To count the numbers which are divisible by both 3 and 5 twice you can either write the above line twice or .map() the 2 * i values:

Integer sum = IntStream.range(1, 1000)
                  .filter(i -> i % 3 == 0 || i % 5 == 0)
                  .map(i -> i % 3 == 0 && i % 5 == 0 ? 2 * i : i)
                  .sum(); // output: 266333

Answer 7

I did this several ways and several times. The fastest, cleanest and simplest way to complete the required code for Java is this:

public class MultiplesOf3And5 {

public static void main(String[] args){

System.out.println("The sum of the multiples of 3 and 5 is: " + getSum());

}

private static int getSum() {
int sum = 0;
for (int i = 1; i < 1000; i++) {
    if (i % 3 == 0 || i % 5 == 0) {
        sum += i;
    }
}
return sum;
}

If anyone has a suggestion to get it down to fewer lines of code, please let me know your solution. I'm new to programming.

Answer 8

How I solved this is that I took an integer value (initialized to zero) and kept on adding the incremented value of i, if its modulo with 3 or 5 gives me zero.

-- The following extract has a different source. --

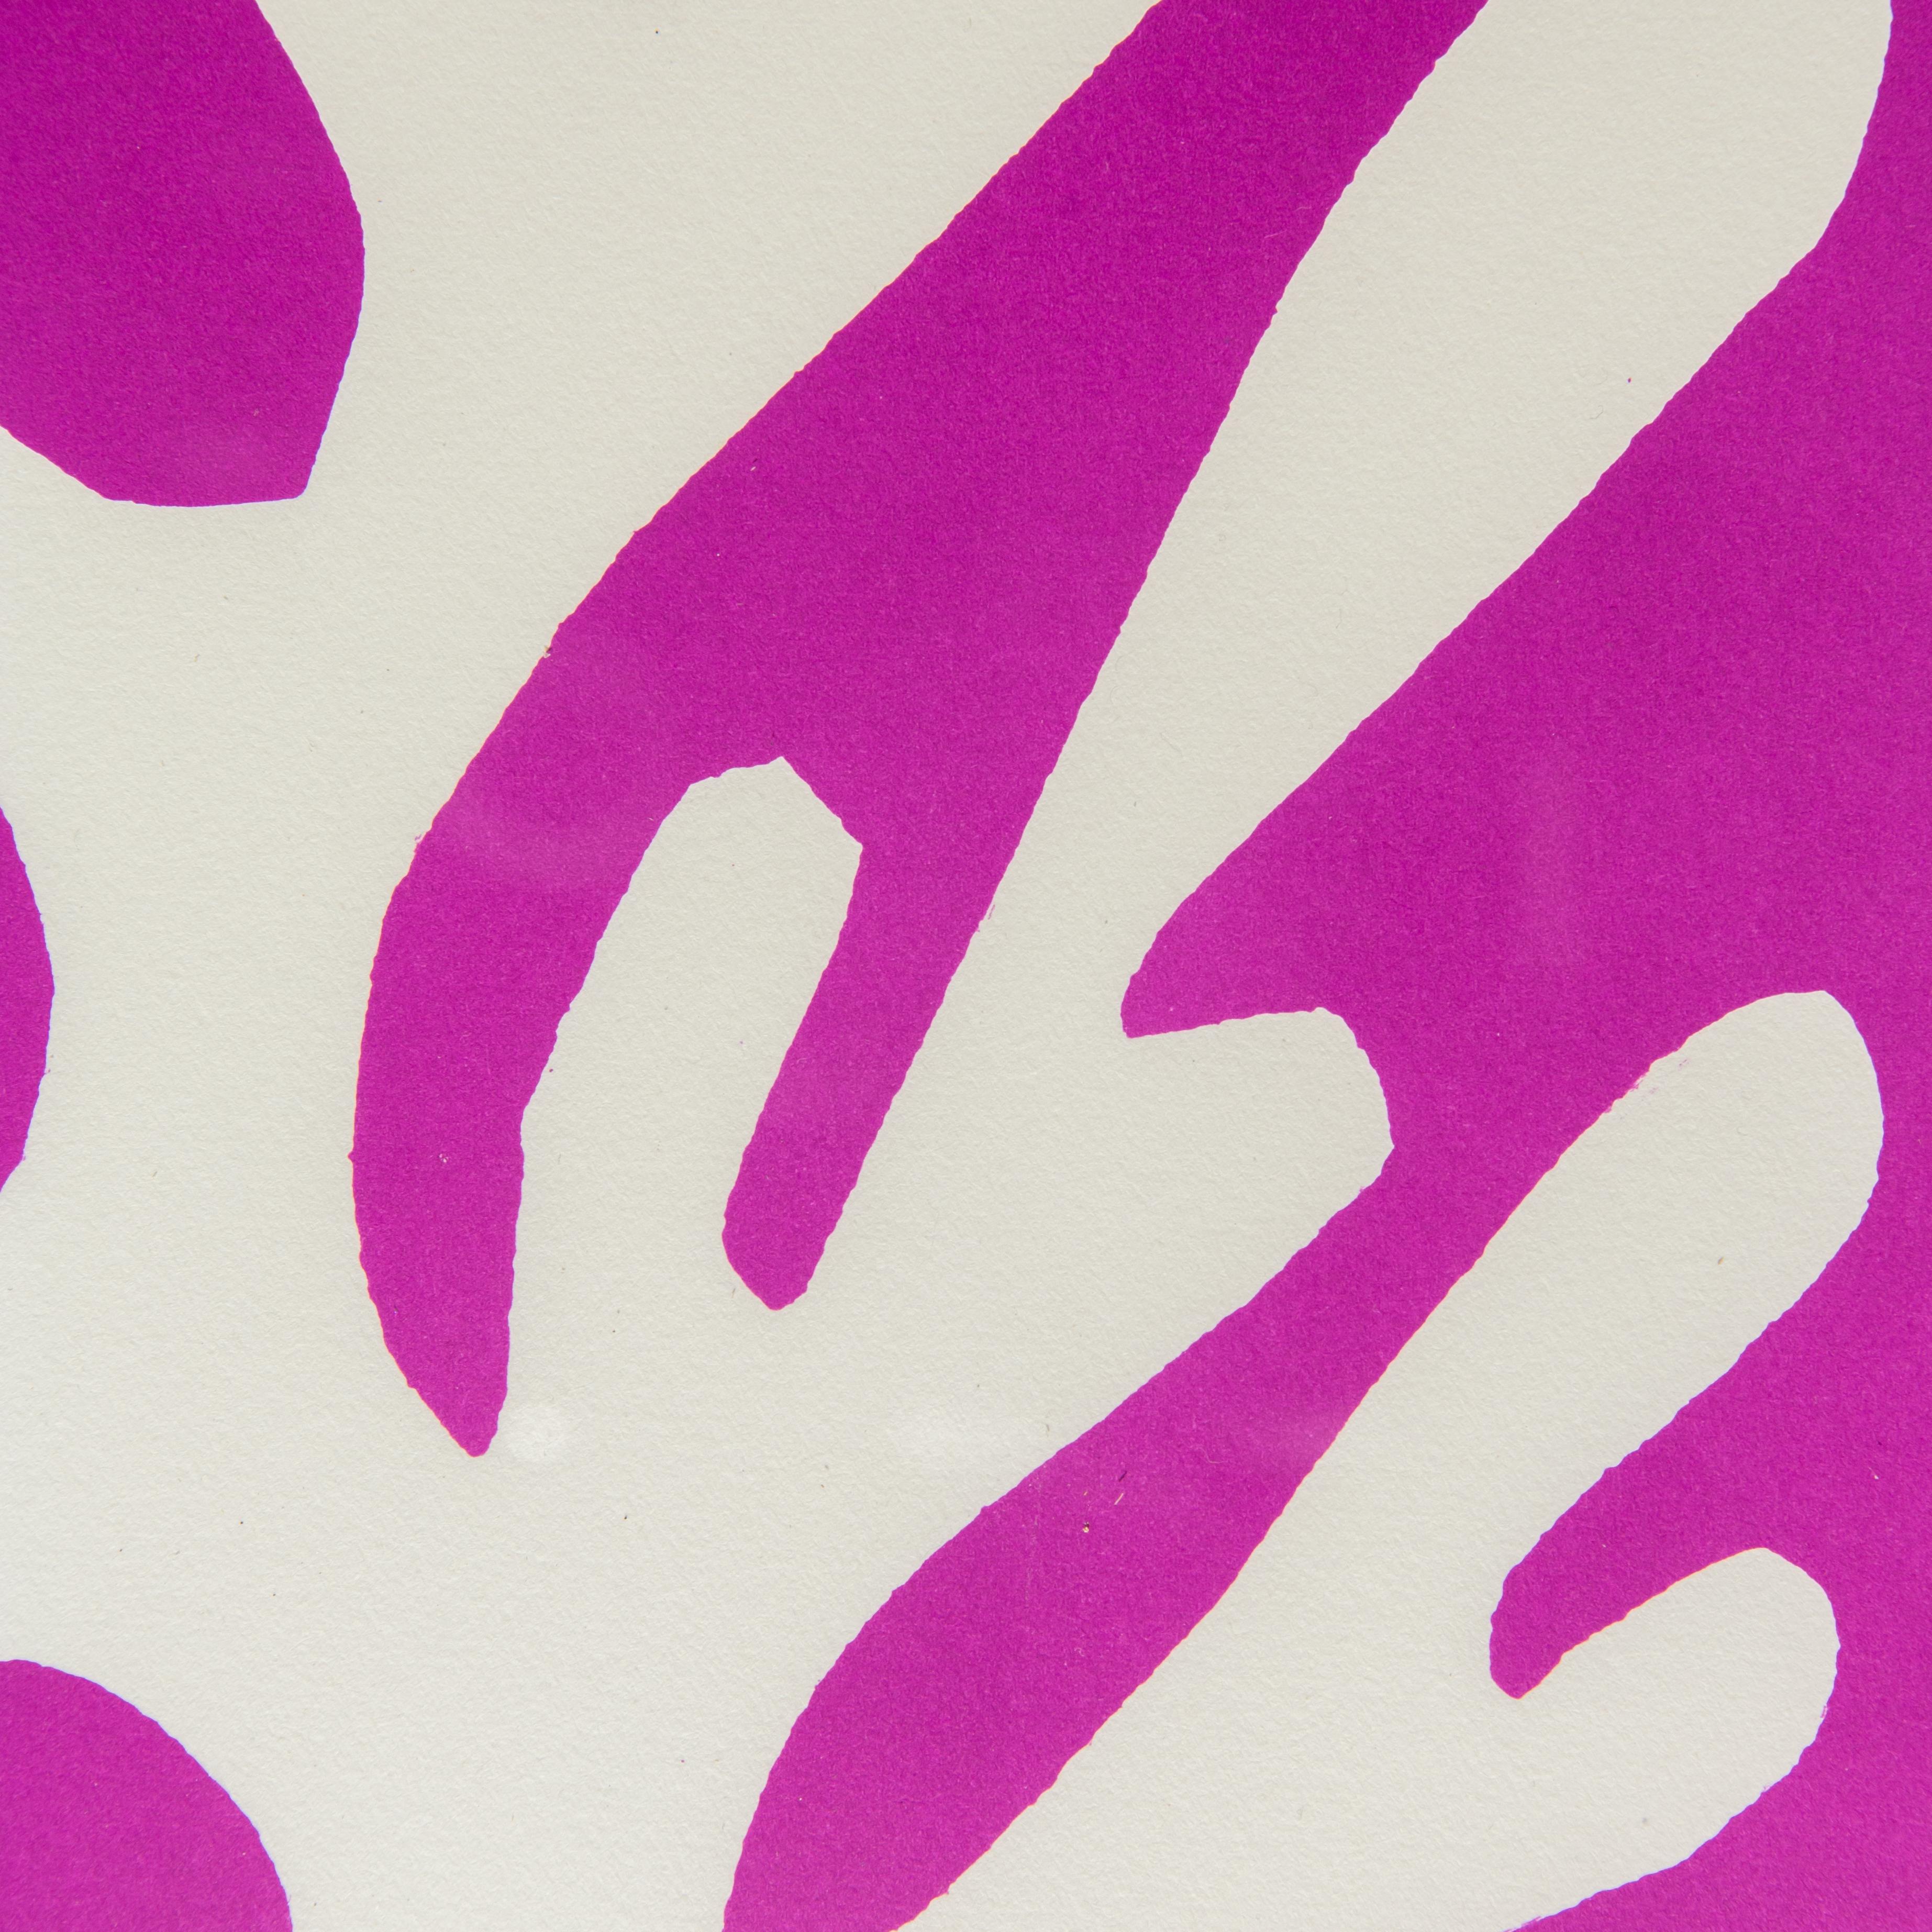 Algue Blanche sur fond Viole - Abstract Print by Henri Matisse

private static int getSum() {
int sum = 0;
for (int i = 1; i < 1000; i++) {
    if (i % 3 == 0 || i % 5 == 0) {
        sum += i;
    }
}
return sum;
}

Answer 9

public class Solution {
    public static void main(String[] args) {
        /* Enter your code here. Read input from STDIN. Print output to STDOUT. Your class should be named Solution. */
        Scanner sc = new Scanner(System.in);
        int t = sc.nextInt();
        while (t>0){
            int sum = 0;
            int count =0;
            int n = sc.nextInt();
            n--; 
            System.out.println((n/3*(6+(n/3-1)*3))/2 + (n/5*(10+(n/5-1)*5))/2 - (n/15*(30+(n/15-1)*15))/2);
            t--;
    }
}
}

Answer 10

Don't you all think instead of using loops to compute the sum of multiples, we can easily compute sum of n terms using a simple formula of Arithmetic Progression to compute sum of n terms.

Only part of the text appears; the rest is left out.